You can see 2205690 of “meaningful lines” that combine HTML + other languages that you can see above. I can’t substract here to just get the HTML lines because the number above take into account files with a different extension than HTML, though many of them do include other languages, specially JavaScript.
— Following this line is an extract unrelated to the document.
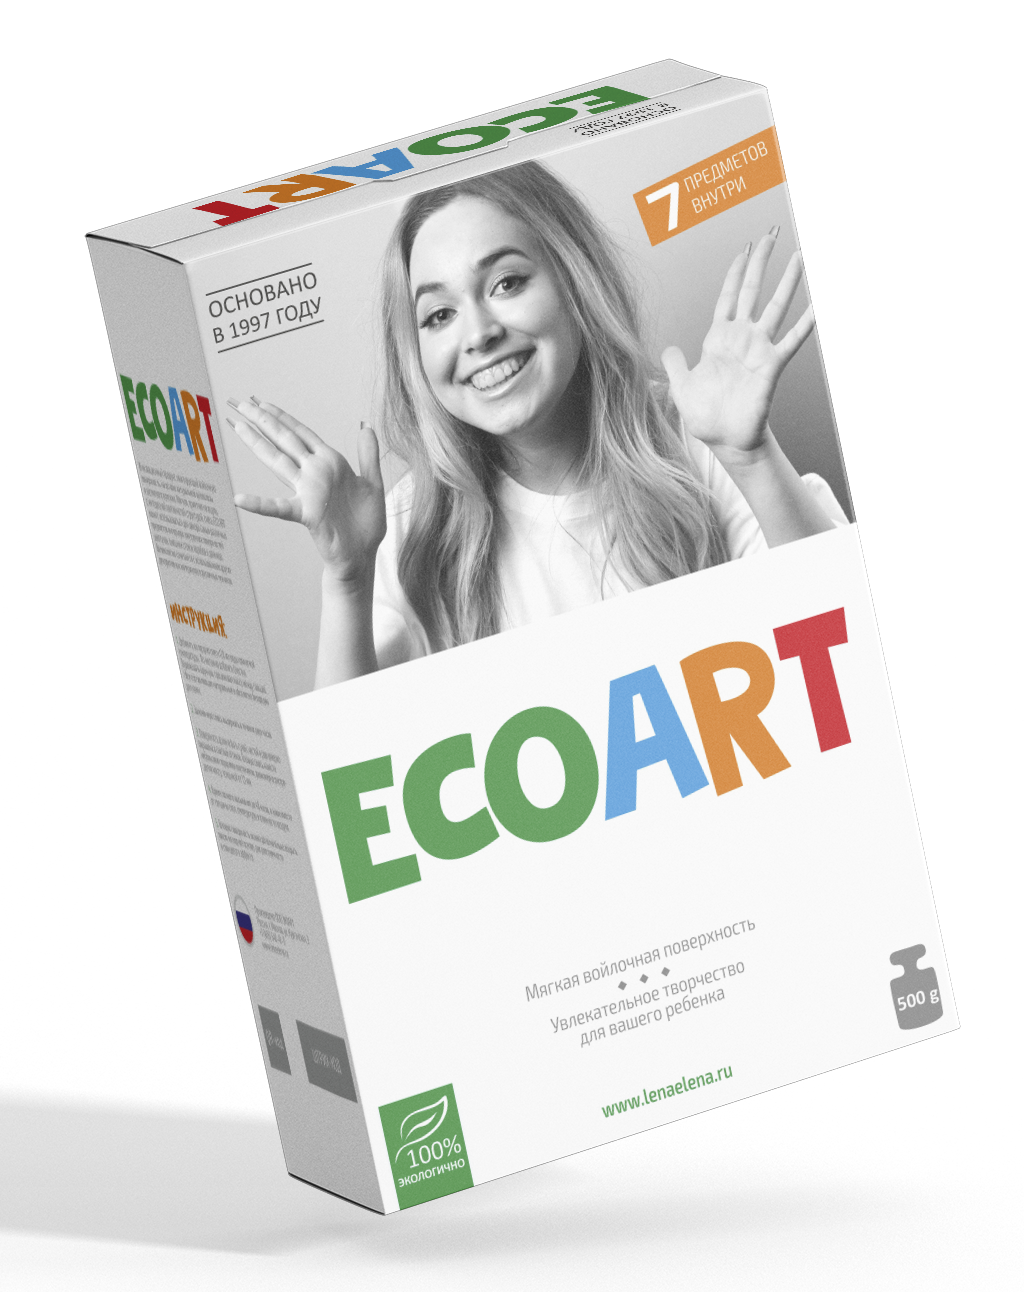    EcoArt

But the LayoutTests do not include only pure WebKit tests. There are some imported ones so it might be interesting to run the same procedure under LayoutTests/imported to see which ones are imported and not written directly into the WebKit project. I emphasize that because they can be written by WebKit developers in other repositories and actually I can present myself and Youenn Fablet as an example as we wrote tests some tests that were finally moved into the specification and included back later when imported. So again, sloccount LayoutTests/imported:

python: 84803 (59.99%)
javascript: 51794 (36.64%)
ansic: 3661 (2.59%)
php: 575 (0.41%)
xml: 250 (0.18%)
sh: 199 (0.14%)
perl: 86 (0.06%)

The same procedure to count HTML + other stuff lines inside that directory gives a number of 295490:

$ find LayoutTests/imported/ -name ".html" -print0 | xargs -0 cat | strings | grep -Pv "^[[:space:]]$" | wc -l
295490

There are also some other tests that we can talk about, for example the JSTests. I’ll mention already the numbers summed up regarding languages and the manual HTML code (if you made it here, you know the drill already):

javascript: 1713200 (98.64%)
xml: 20665 (1.19%)
perl: 2449 (0.14%)
python: 421 (0.02%)
ruby: 56 (0.00%)
sh: 38 (0.00%)
HTML+stuff: 997

ManualTests:

javascript: 297 (41.02%)
ansic: 187 (25.83%)
java: 118 (16.30%)
xml: 103 (14.23%)
php: 10 (1.38%)
perl: 9 (1.24%)
HTML+stuff: 16026

PerformanceTests:

javascript: 950916 (83.12%)
cpp: 147194 (12.87%)
ansic: 38540 (3.37%)
asm: 5466 (0.48%)
sh: 872 (0.08%)
ruby: 419 (0.04%)
perl: 348 (0.03%)
python: 325 (0.03%)
xml: 5 (0.00%)
HTML+stuff: 238002

TestsWebKitAPI:

cpp: 44753 (99.45%)
ansic: 163 (0.36%)
objc: 76 (0.17%)
xml: 7 (0.02%)
javascript: 1 (0.00%)
HTML+stuff: 3887

And this is all. Remember that these are just some rough statistics, not a “scientific” paper.

Update:

In her expert opinion, in the WebKit project we are devoting around 50% of the total LOC to testing, which makes it a software engineering “textbook” project regarding testing and I think we can be proud of it!